Dealing with NVARCHAR(MAX) Columns in Hash Calculations Azure Synapse DB

In a satellite table, I have a column that contains descriptive information in the form of string paragraphs. The largest length of this column is 39,467. I’m stuck in how to specify the value into a hash calculation when the largest NVARCHAR column is 4000. When I try using the 4000, it passes validation but fails with a string that exceeds the length warning of truncation and stops processing. When I specify MAX, it also passes verification but fails indicating that the column type is not allowed in a columnstore index. What do you recommend?

Thank you


Clay, when you say “hash calculation,” do you mean hash distribution, or are you using the column as part of a HashDiff in a satellite?

We use a dedicated pool in Azure Synapse as well and have also run into this limitation. Unfortunately, it is exactly that: a limitation.

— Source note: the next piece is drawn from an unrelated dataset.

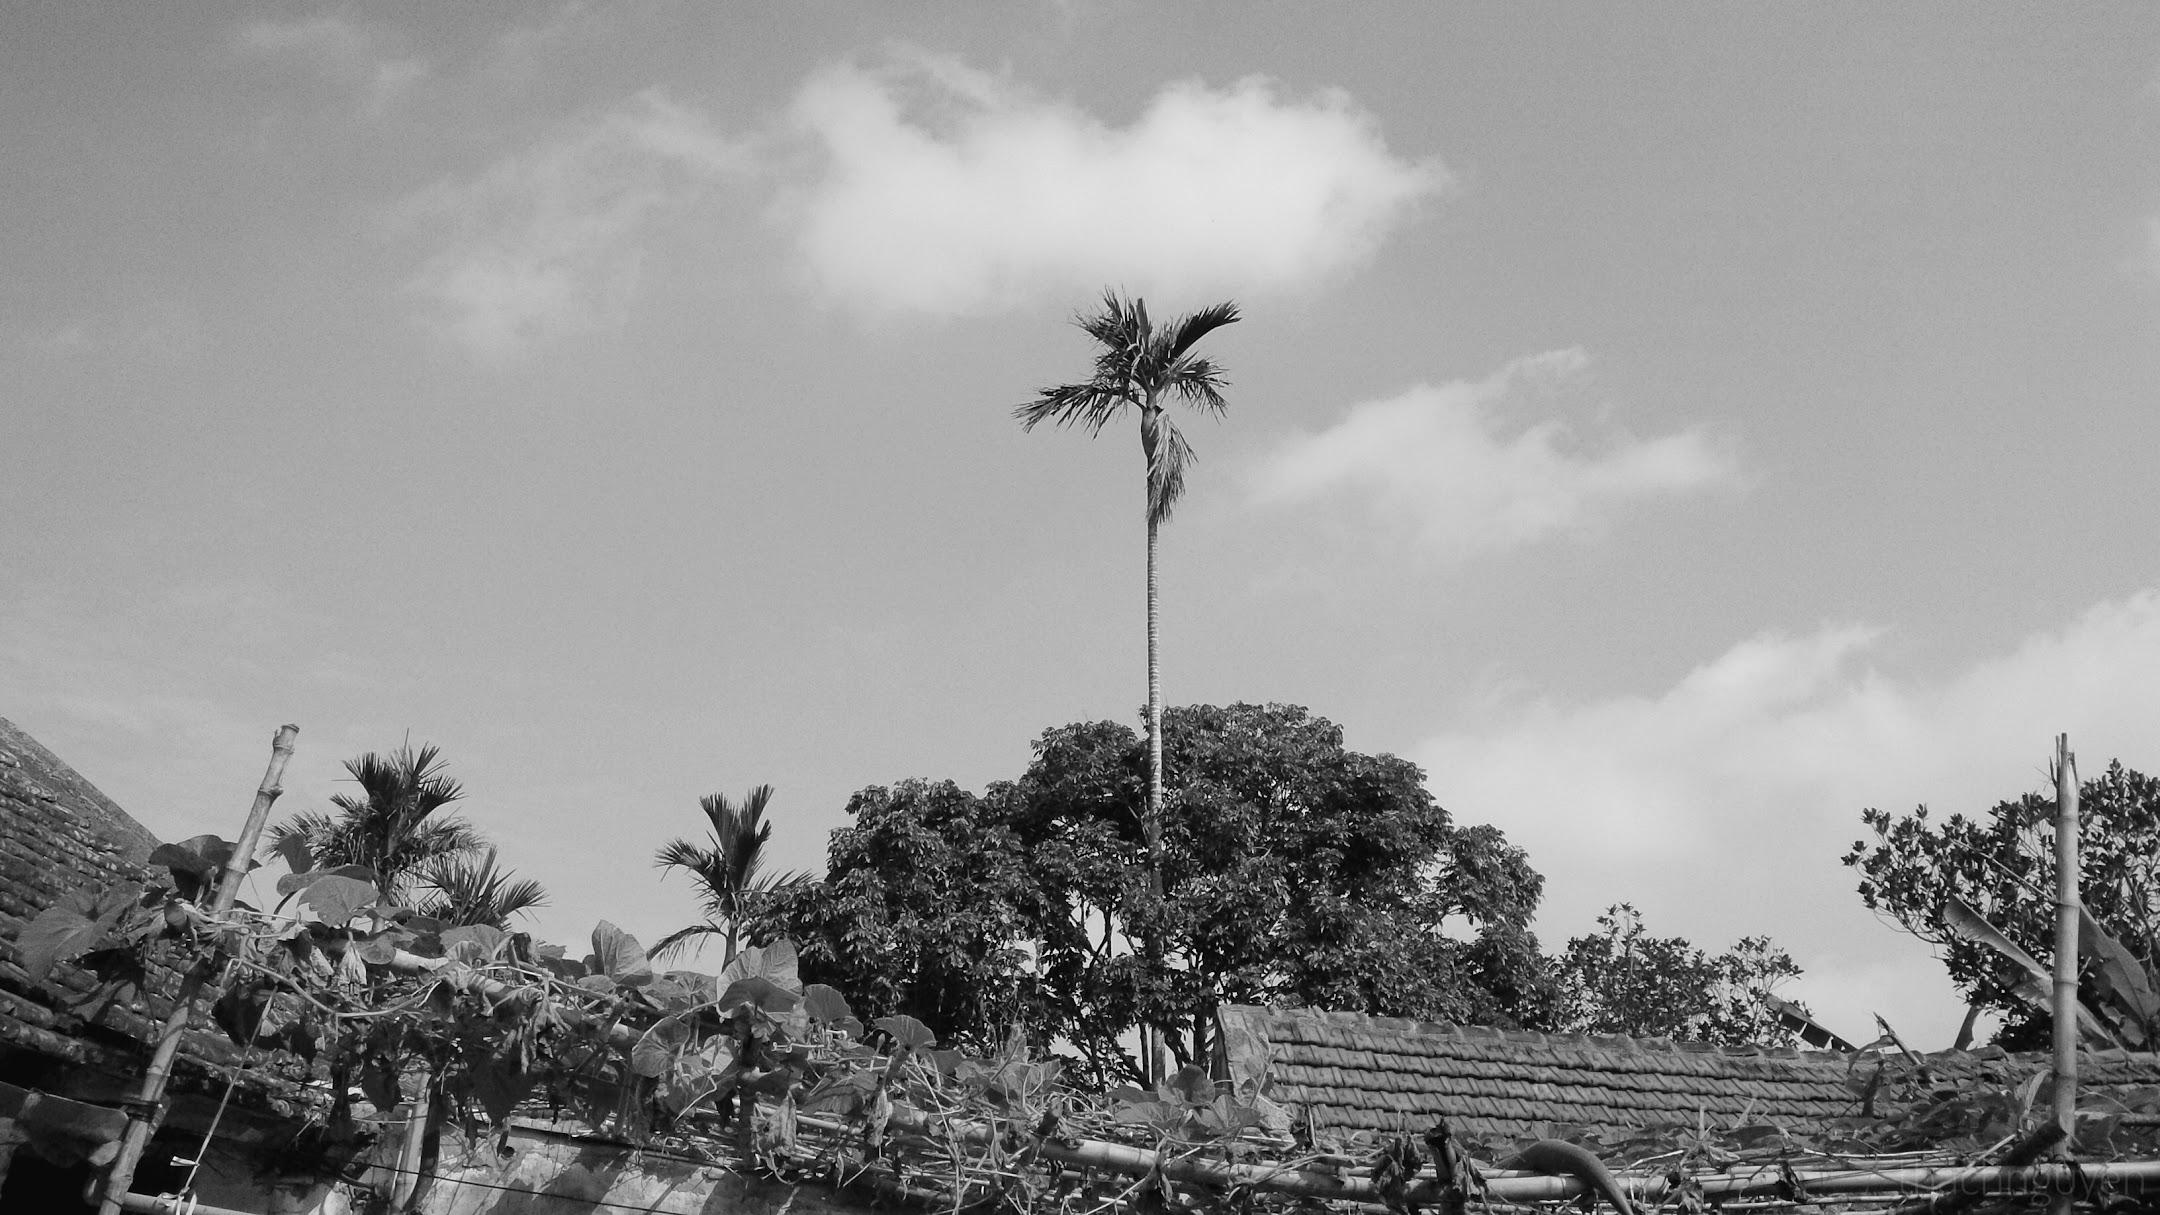 cây cau, hiên ngang giữa trời

To maintain the data integrity, keep the NVARCHAR(MAX) on the column and forego the CLUSTERED COLUMNSTORE INDEX on the table. Opt for either a rowstore CLUSTERED INDEX or a HEAP, if your table will be fewer than 60 million rows (which is less likely if it’s a satellite).

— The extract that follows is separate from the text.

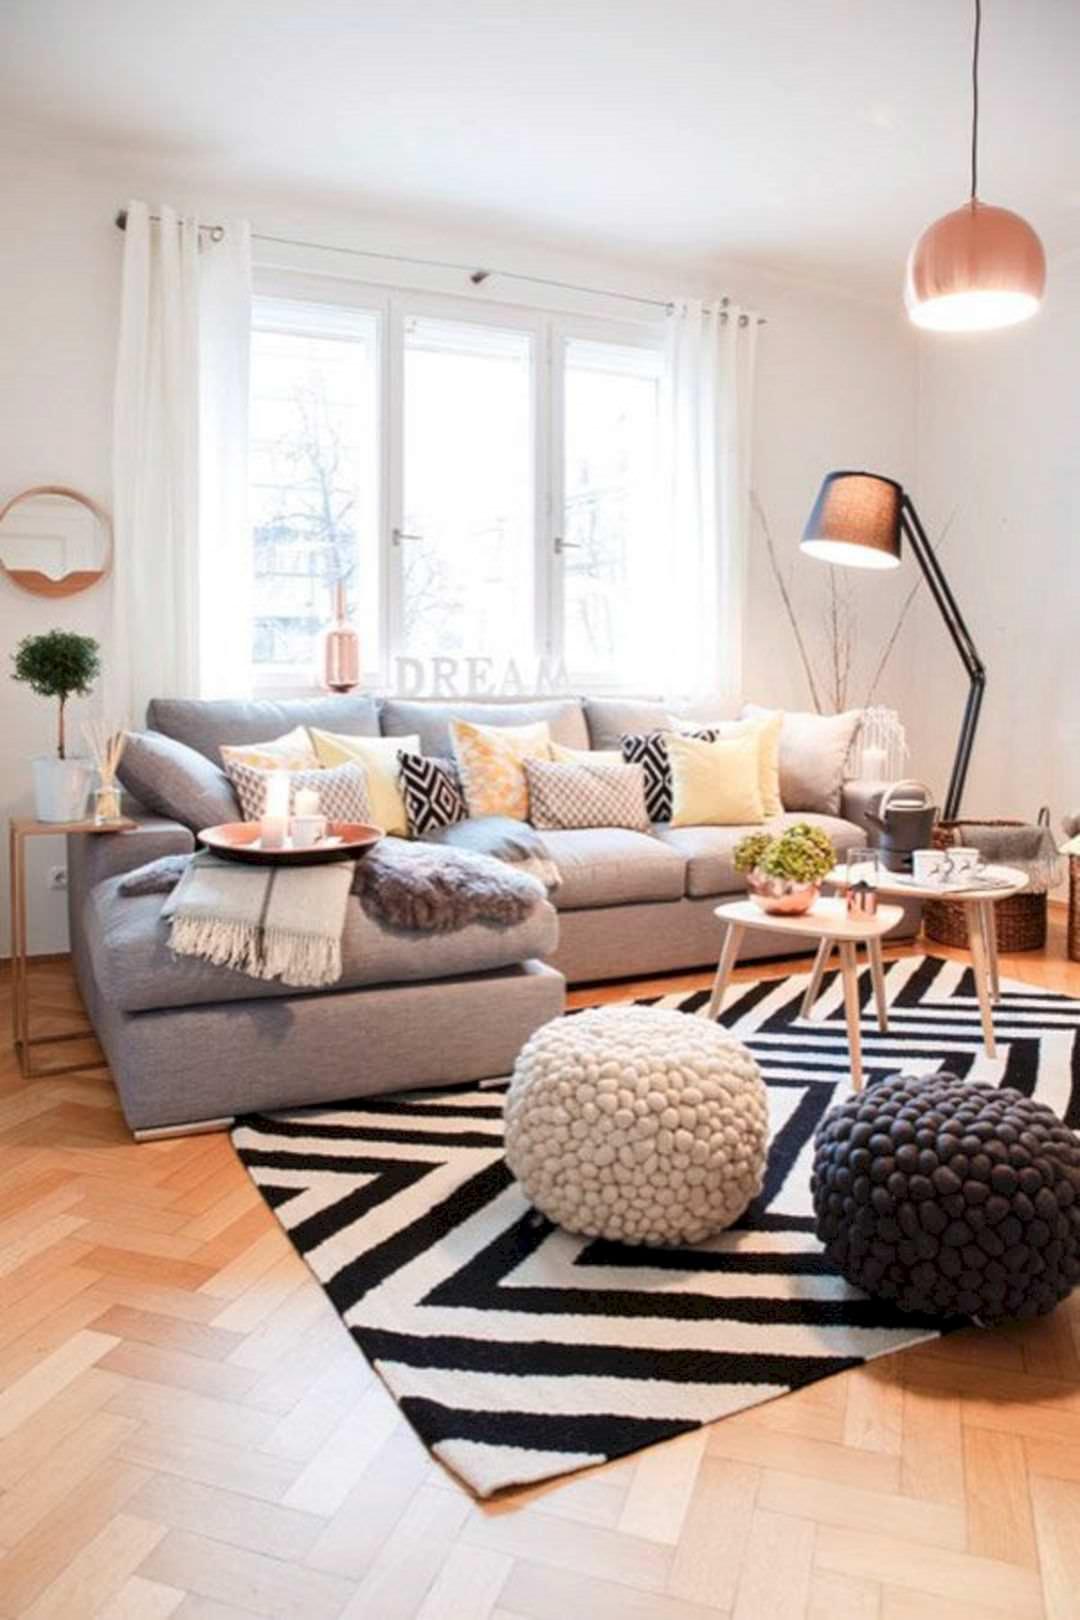 Scegliere i colori per le pareti di casa non è un gioco da ragazzi Imbiancare Casa Colori Di Tendenza Per Ogni Stanza Idee Colore Pareti Per Tinteggiare Casa Start Preventivi

Keep in mind that using MAX does not prevent you from using a hash distribution on the table, if you so choose.

Thanks for the feedback. It is for the HashDiff calculation. We are also using a dedicated pool in Azure Synapse. I’ll give the Heap a go and let you know.

Thanks again.

Heap worked!!! Again — thank you.

1 Like

You could also consider having your nvarchar(max) columns in a separate satellite.

1 Like

That’s a good idea!! Thanks

1 Like